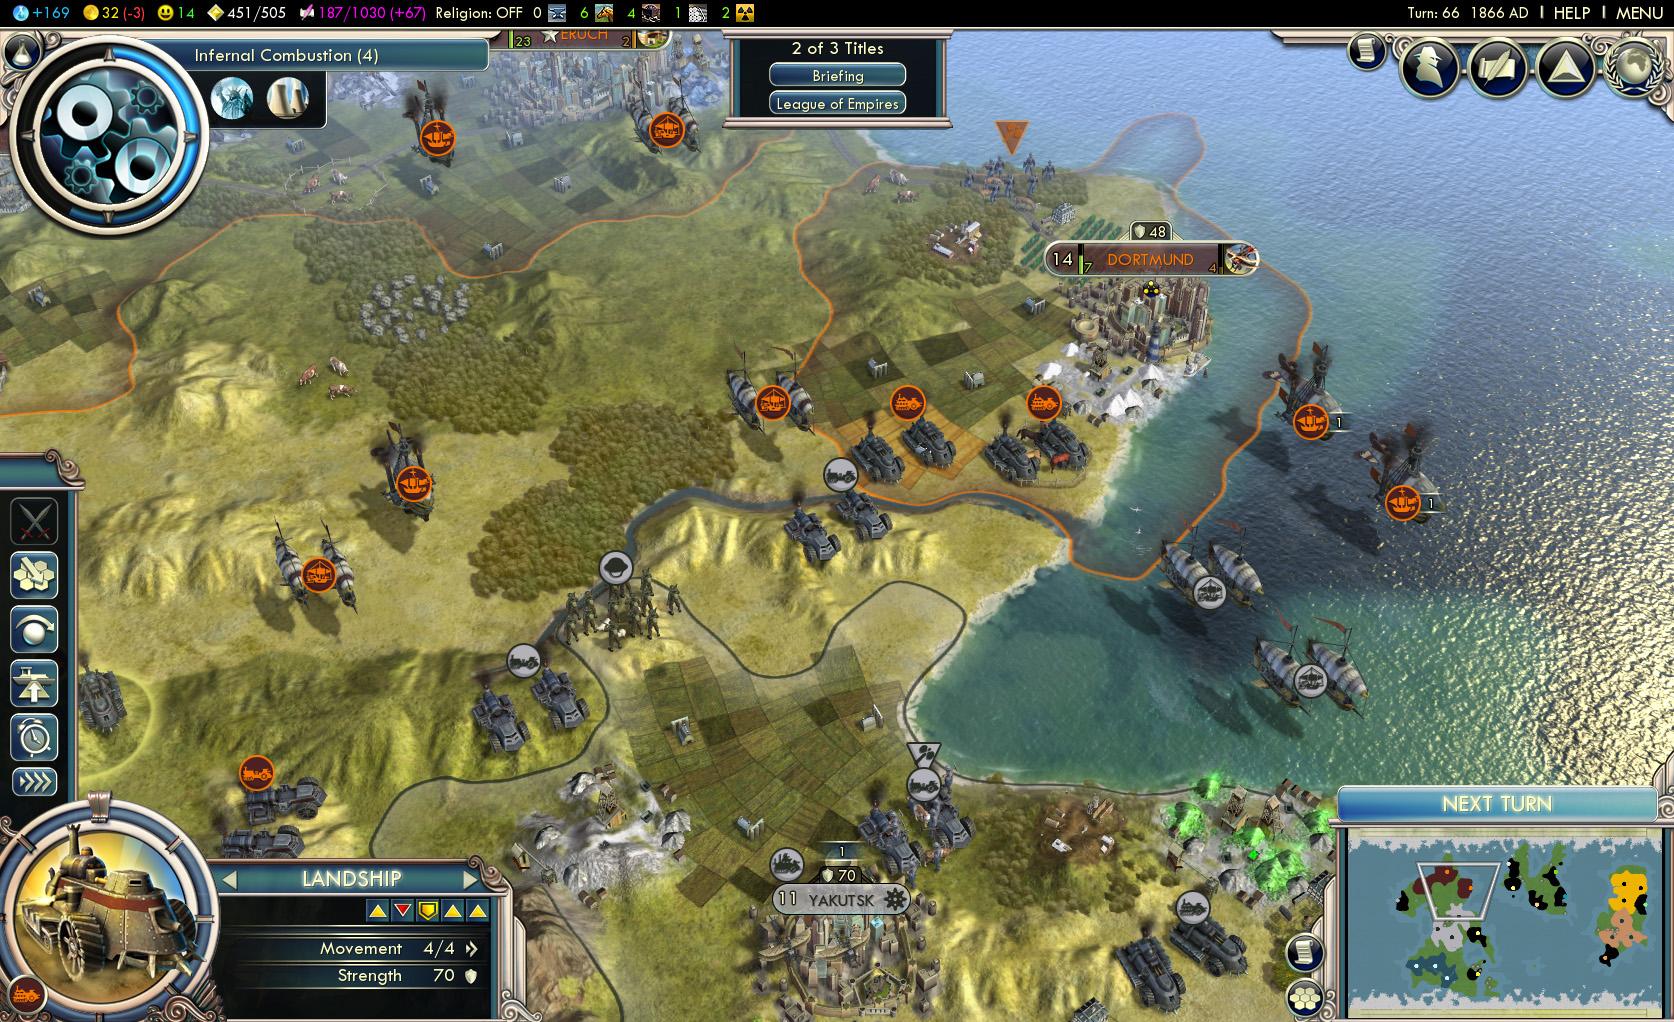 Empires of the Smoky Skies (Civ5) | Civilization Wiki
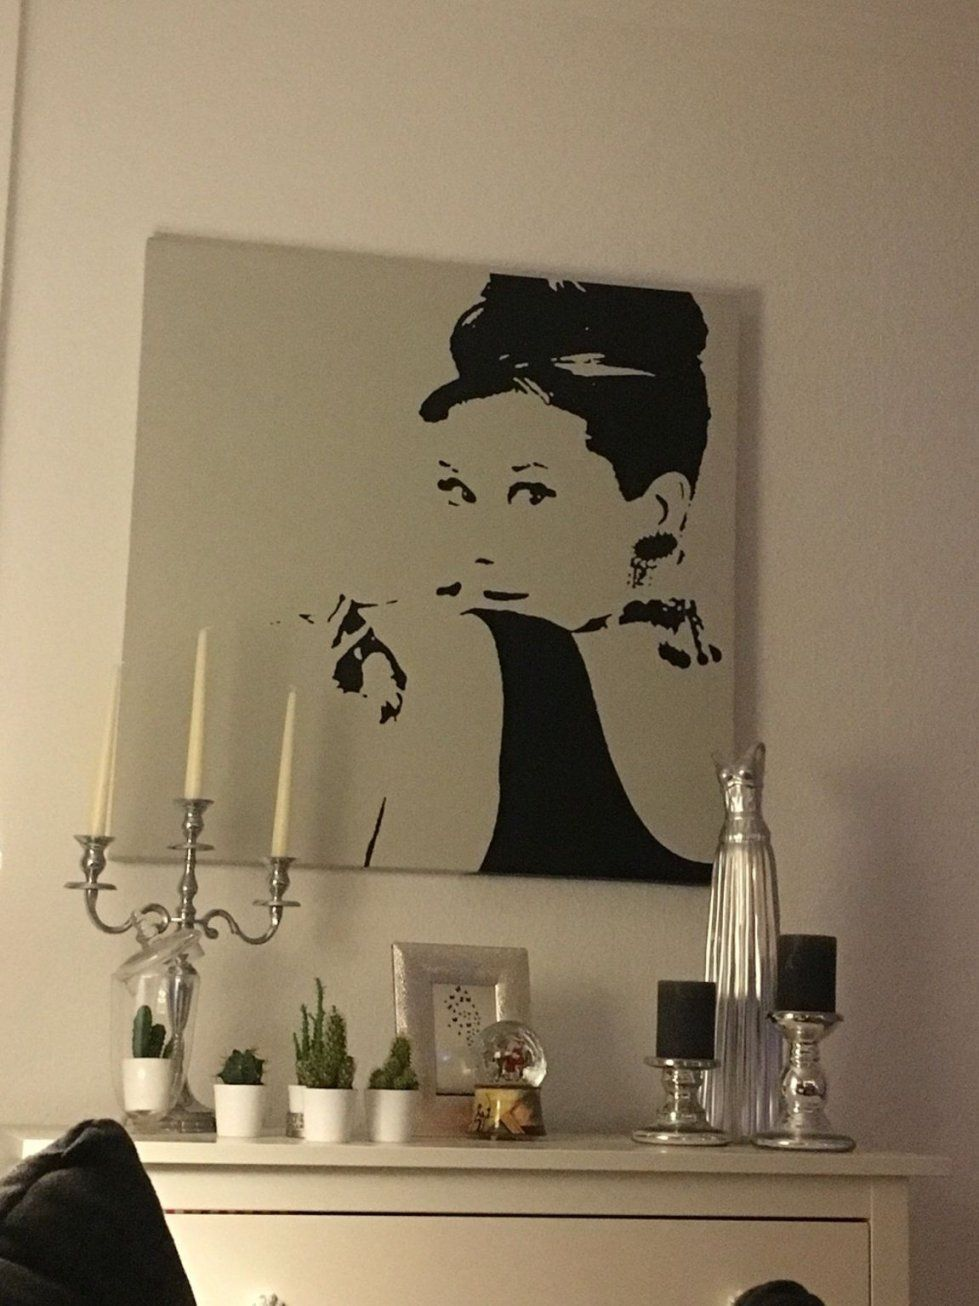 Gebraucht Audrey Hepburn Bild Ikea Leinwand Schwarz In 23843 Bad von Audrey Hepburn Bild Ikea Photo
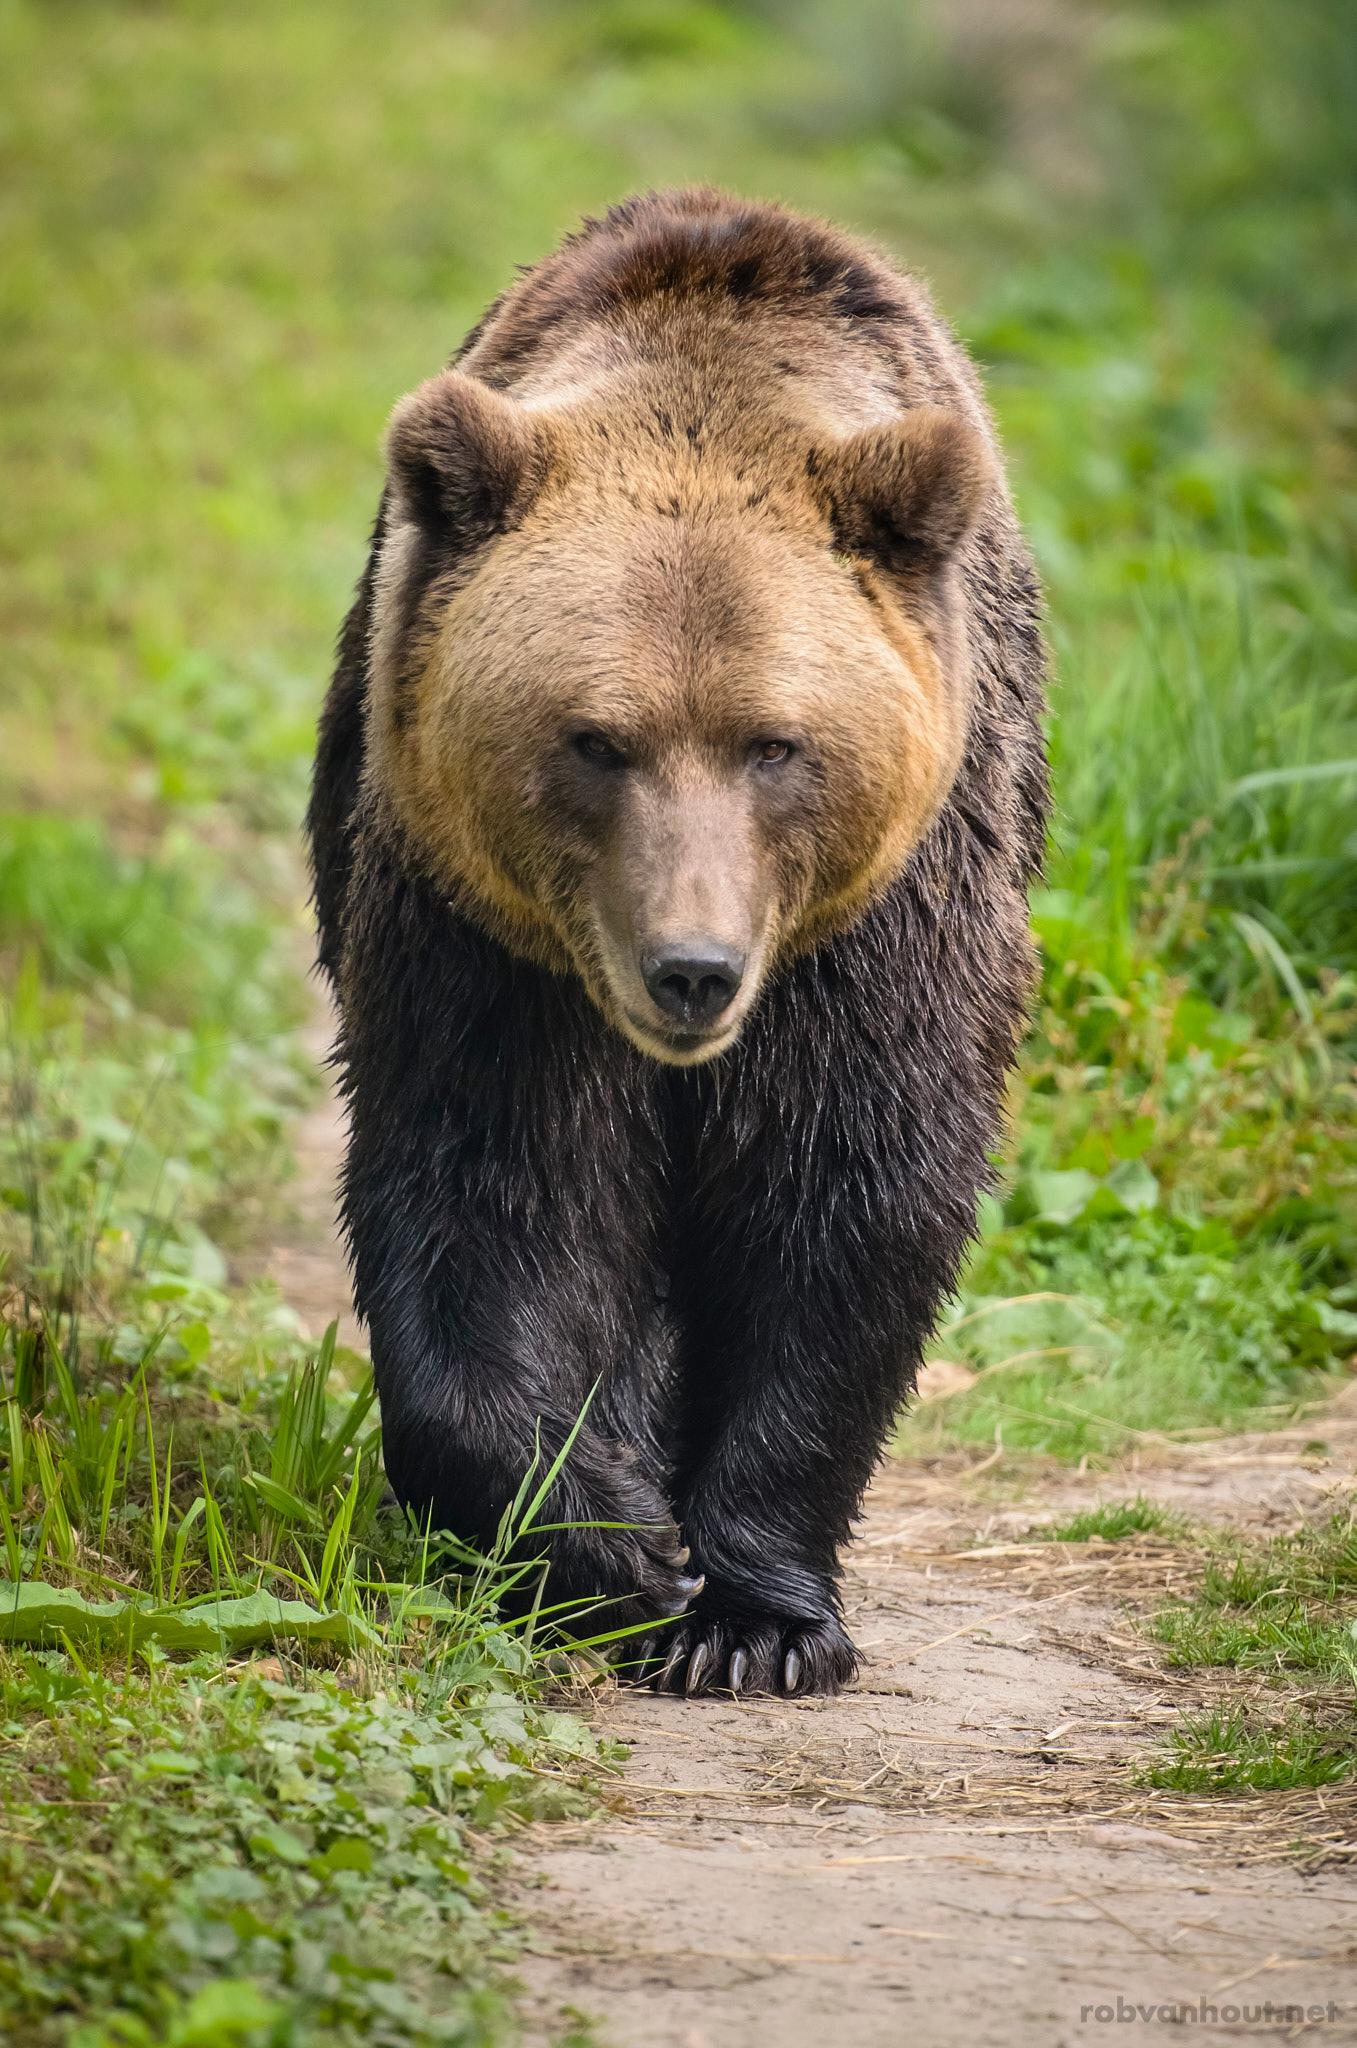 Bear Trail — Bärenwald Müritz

:: Required work ::
Would you restate, word for word, the lines from the one holding "Gebraucht Audrey Hepburn" through the end of the material above? Omit the pictures.

:: Exercise solution ::
 Gebraucht Audrey Hepburn Bild Ikea Leinwand Schwarz In 23843 Bad von Audrey Hepburn Bild Ikea Photo
 Bear Trail — Bärenwald Müritz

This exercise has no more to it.